We look for these refugial imprints across a south European range considered a biogeographic crossroad: the Pyrenees. This E-W oriented mountain chain was at the south border of the strongest glaciation activity, becoming a physical barrier for species to move easily between the Iberian Peninsula (a classical southern refugium), and the rest of Europe during the glacial-interglacial period. As a consequence of their complex topography, mountain ranges can be envisaged as environmental mosaics with a wide range of microclimatic conditions and patches of vegetation, offering the possibility for many different species and habitats to fulfill particular requirements and migrate altitudinally to track suitable conditions when the regional or continental climate changes (Rahbek et al. 2019).
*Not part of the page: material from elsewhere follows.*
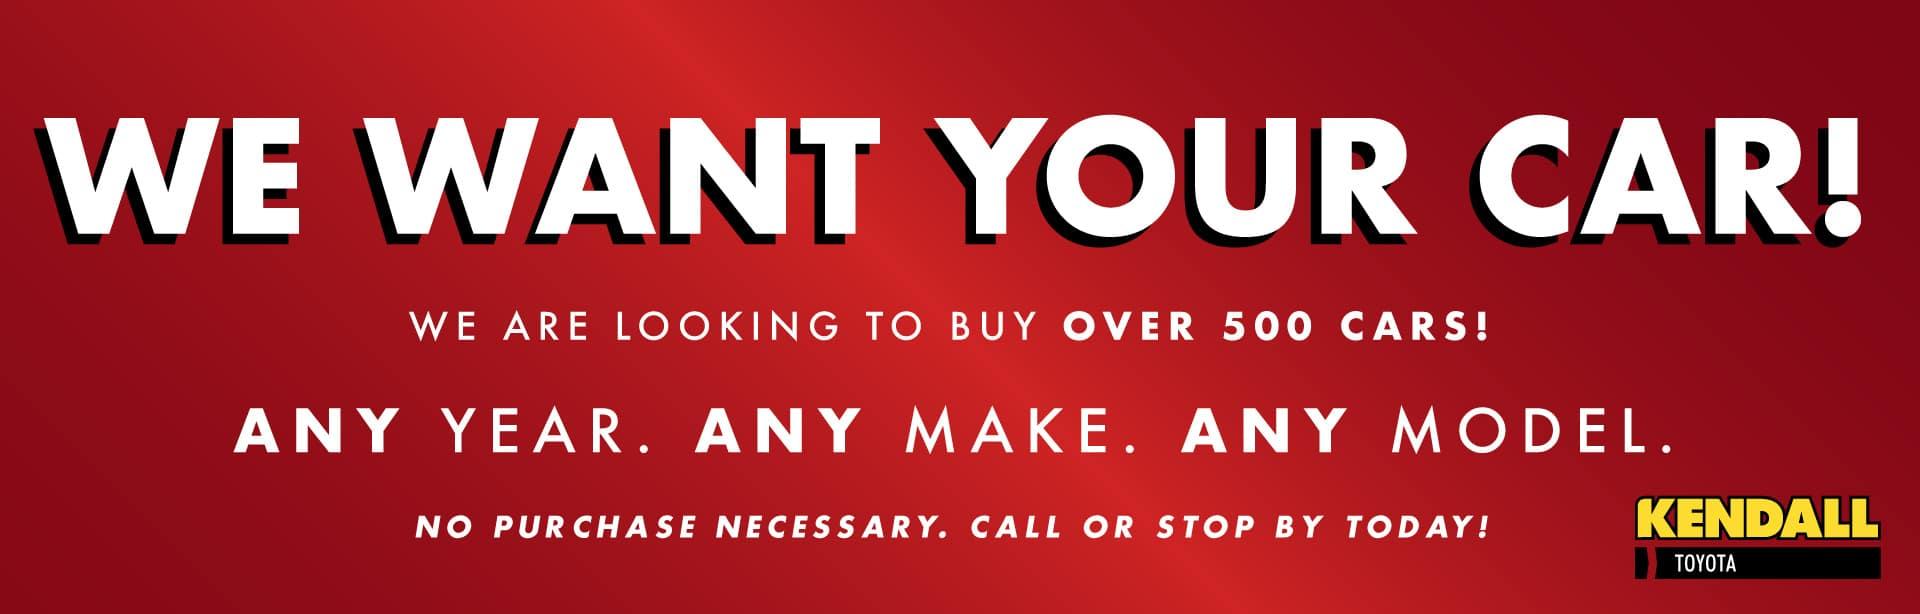 16484-eugtoy-Aug20-We-Want-Your-Car-Digital-Graphics-1920×614
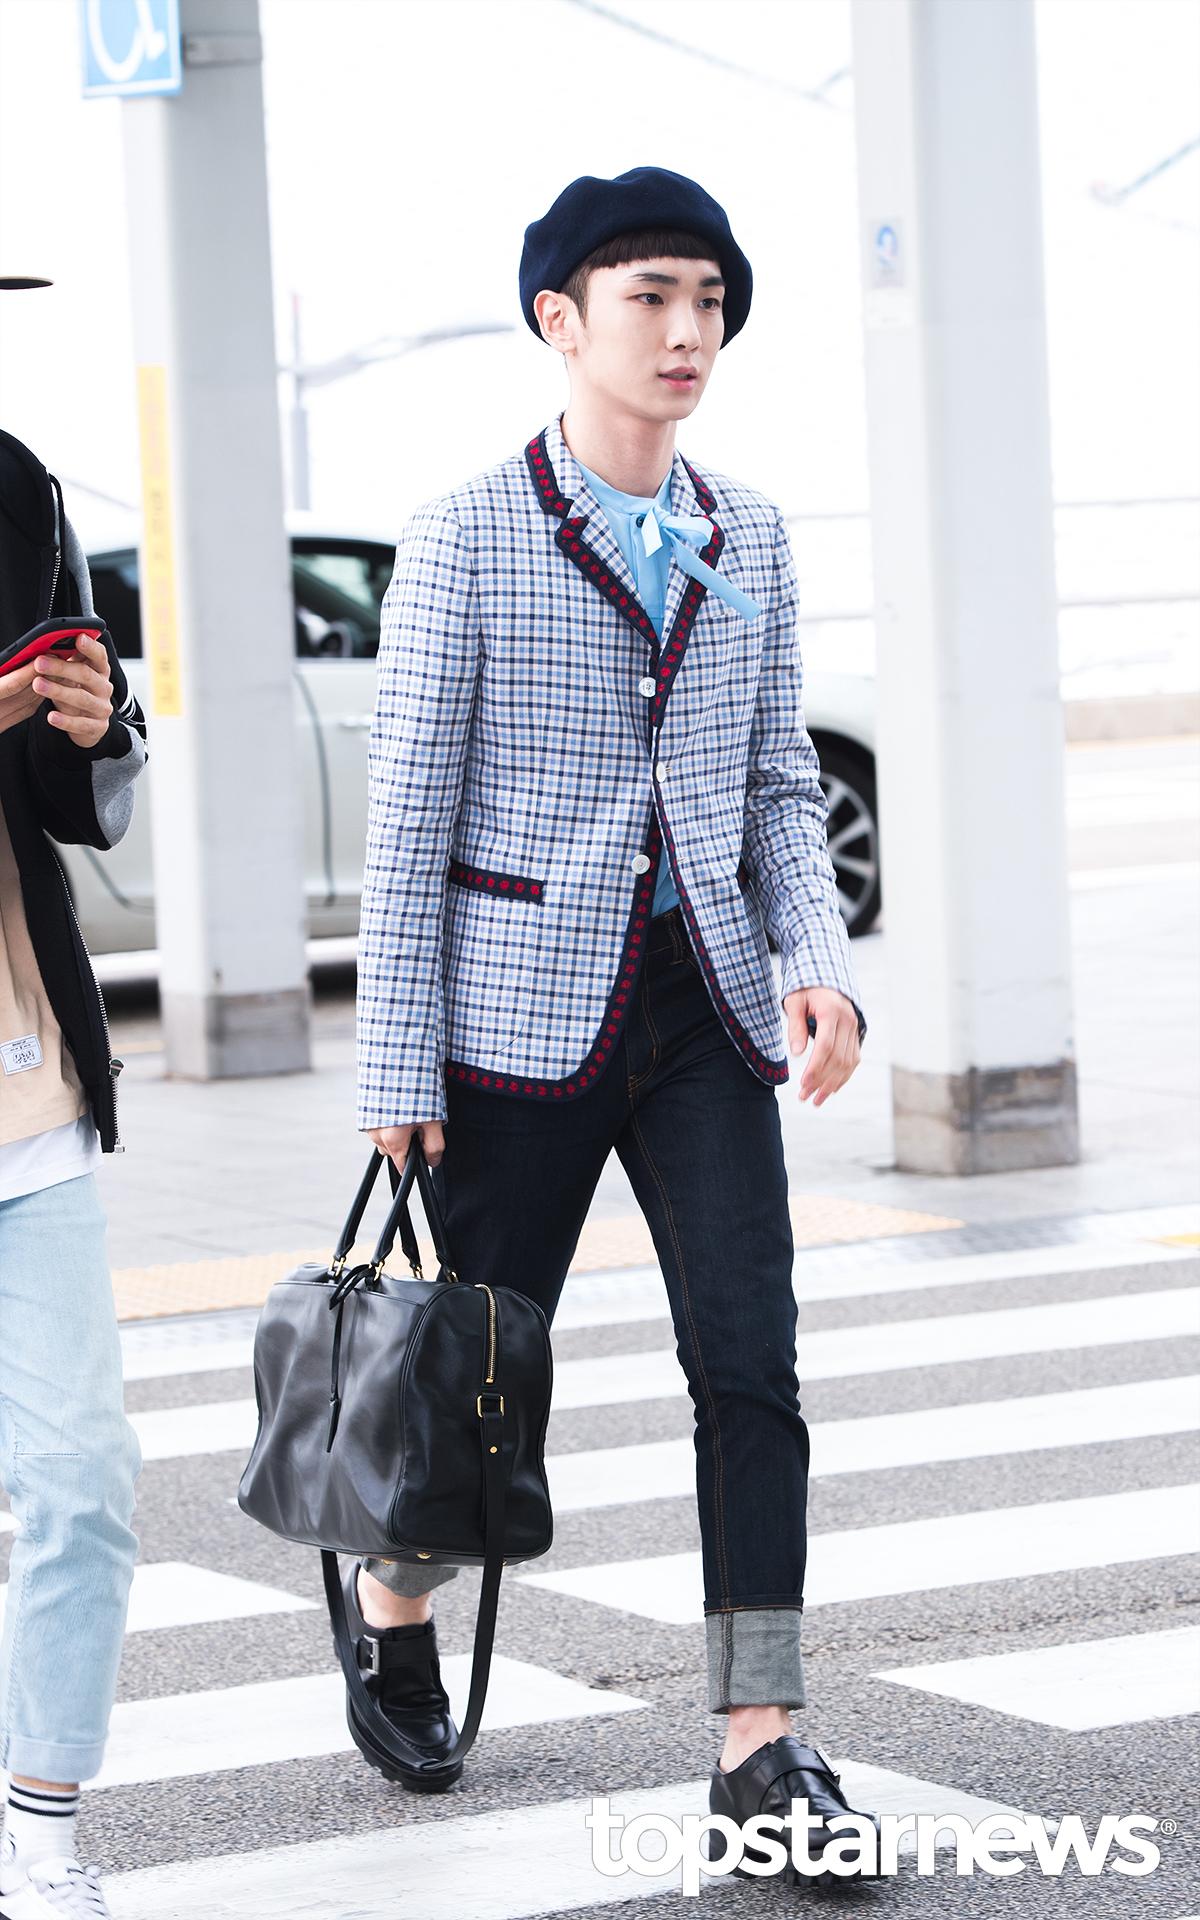 [IMG/160715] Jonghyun, Key @ Aeropuerto Incheon hacia Japón. Fui8yrqs

Such heterogeneity, typical of mountain landscapes, seems to have played a key role in promoting local or regional persistence of organisms not only during the deep past, but also in the recent past as demonstrated by Suggitt et al. (2018), who found lower extinction rates over the twentieth century for plants and insects in areas of higher topographic variation. The combination of an intense glaciation-deglaciation activity due to its southern latitudinal position, along with the environmental patchiness, makes the Pyrenean range an excellent area to extensively prospect the existence of refugia from imprints left in current plant communities, and test their occurrence with the support of available palynological evidences (González-Sampériz et al. 2005, 2017).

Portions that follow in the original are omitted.